TASK OBJECTIVE: Using the data that follows, output only the lines from the line with "nkfbx Marble Fashion" up to and including the line with "ZOSI 2.0MP 1080P", exactly, leaving pictures aside.

EXERCISE MATERIALS:
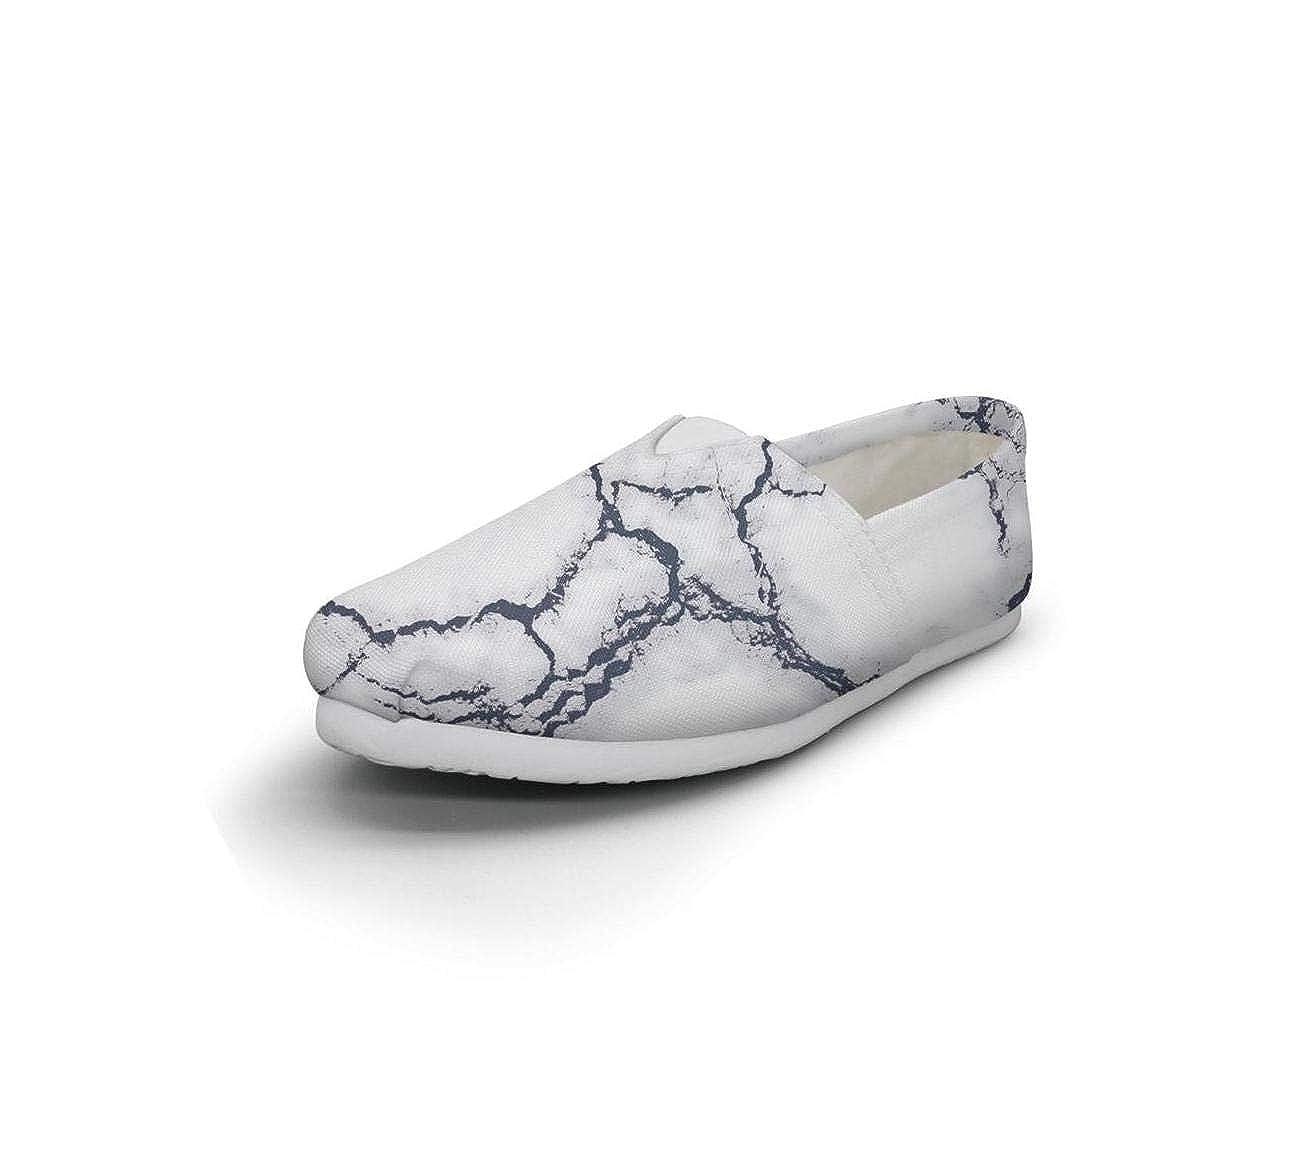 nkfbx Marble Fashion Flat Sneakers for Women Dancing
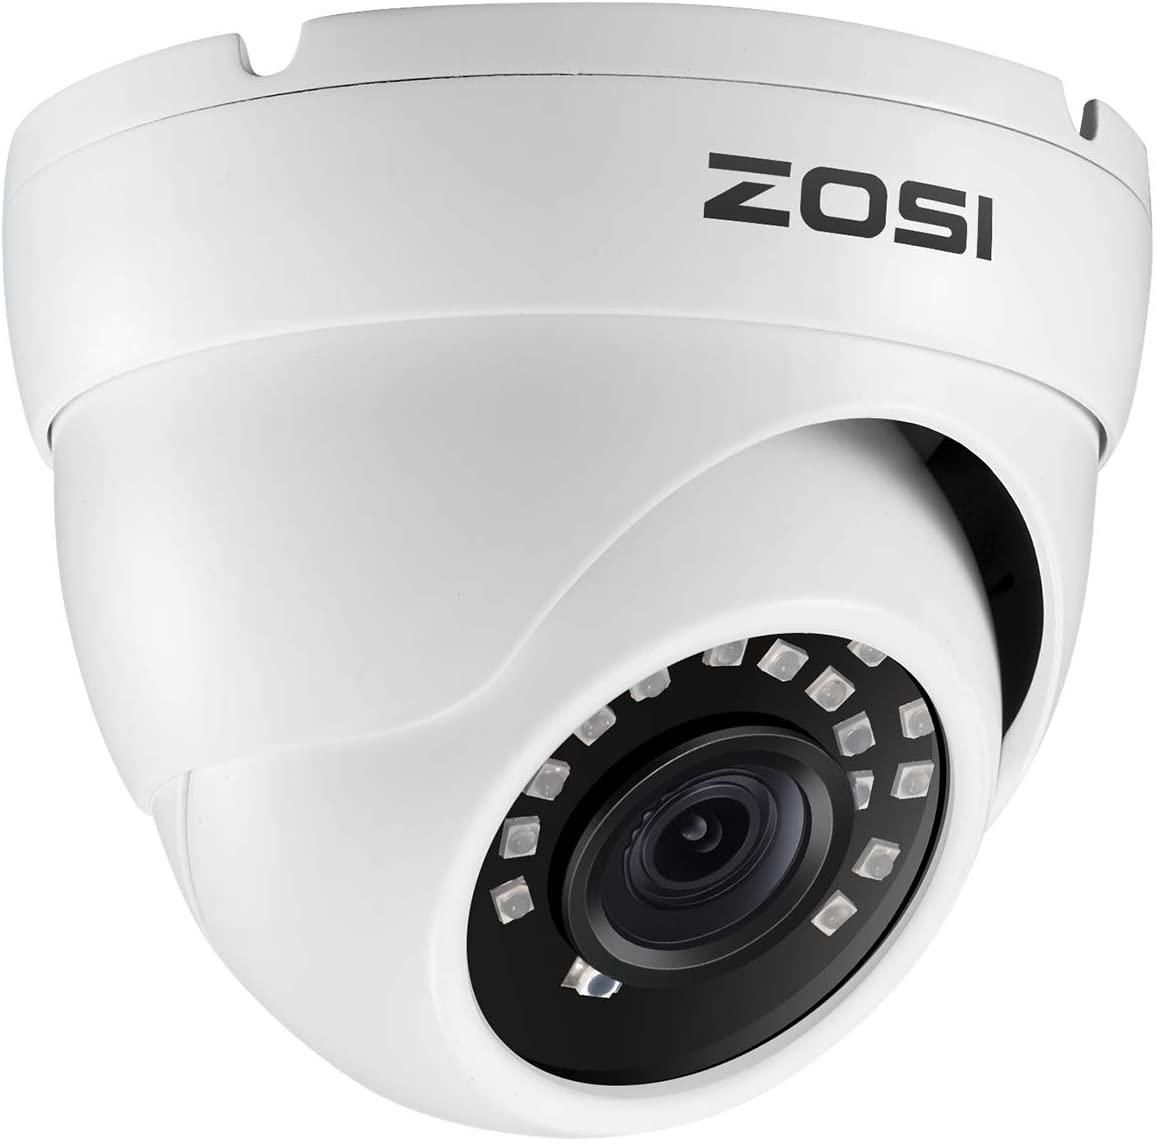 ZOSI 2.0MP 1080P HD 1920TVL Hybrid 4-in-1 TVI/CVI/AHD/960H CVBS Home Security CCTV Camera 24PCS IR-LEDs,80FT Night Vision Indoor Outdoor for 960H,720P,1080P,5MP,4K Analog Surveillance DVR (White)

---

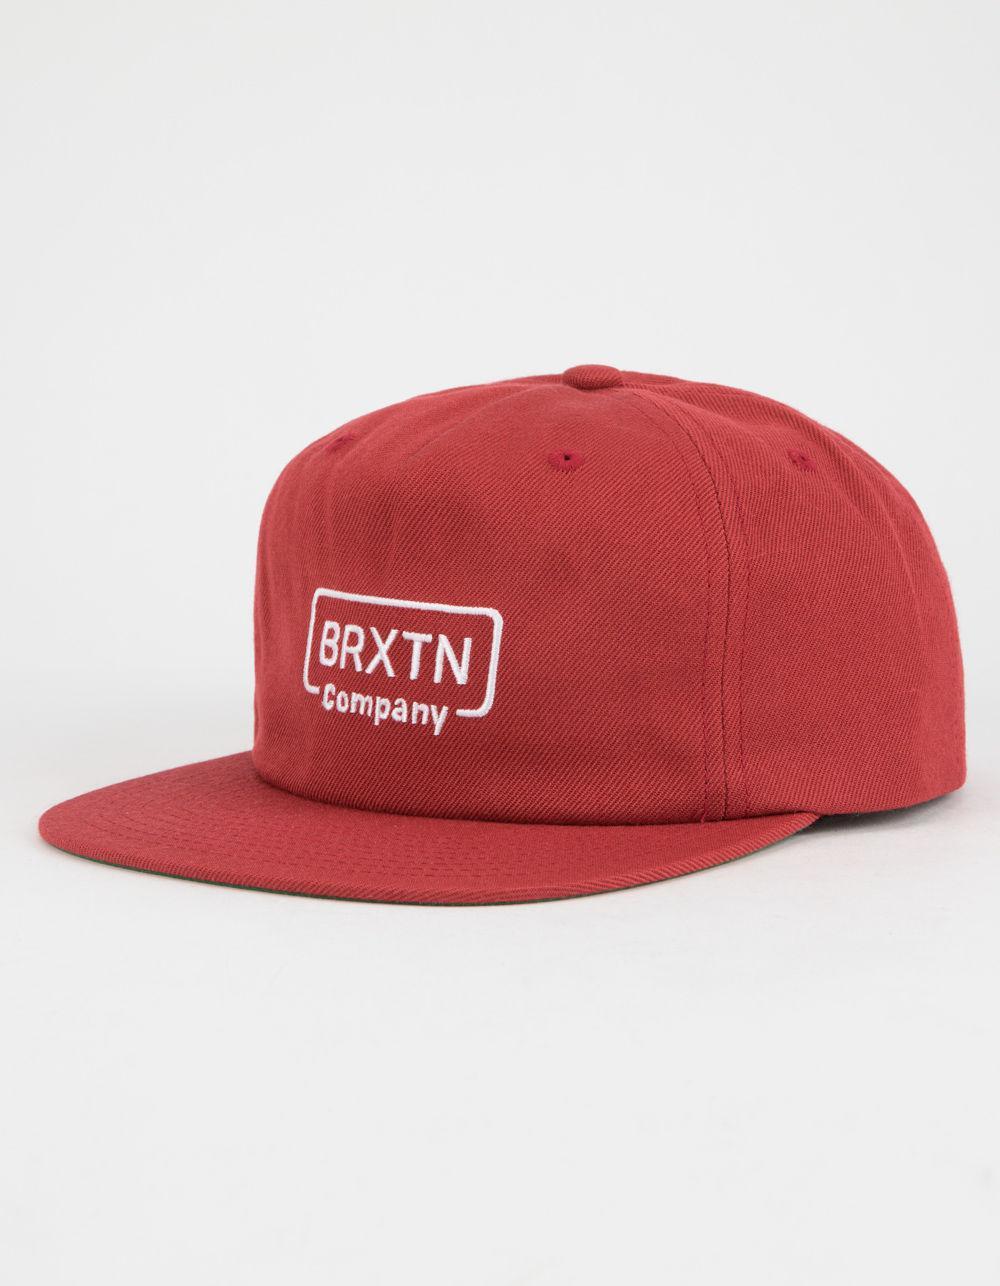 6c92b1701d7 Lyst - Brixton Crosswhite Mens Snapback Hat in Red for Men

FINAL ANSWER:
 nkfbx Marble Fashion Flat Sneakers for Women Dancing
 ZOSI 2.0MP 1080P HD 1920TVL Hybrid 4-in-1 TVI/CVI/AHD/960H CVBS Home Security CCTV Camera 24PCS IR-LEDs,80FT Night Vision Indoor Outdoor for 960H,720P,1080P,5MP,4K Analog Surveillance DVR (White)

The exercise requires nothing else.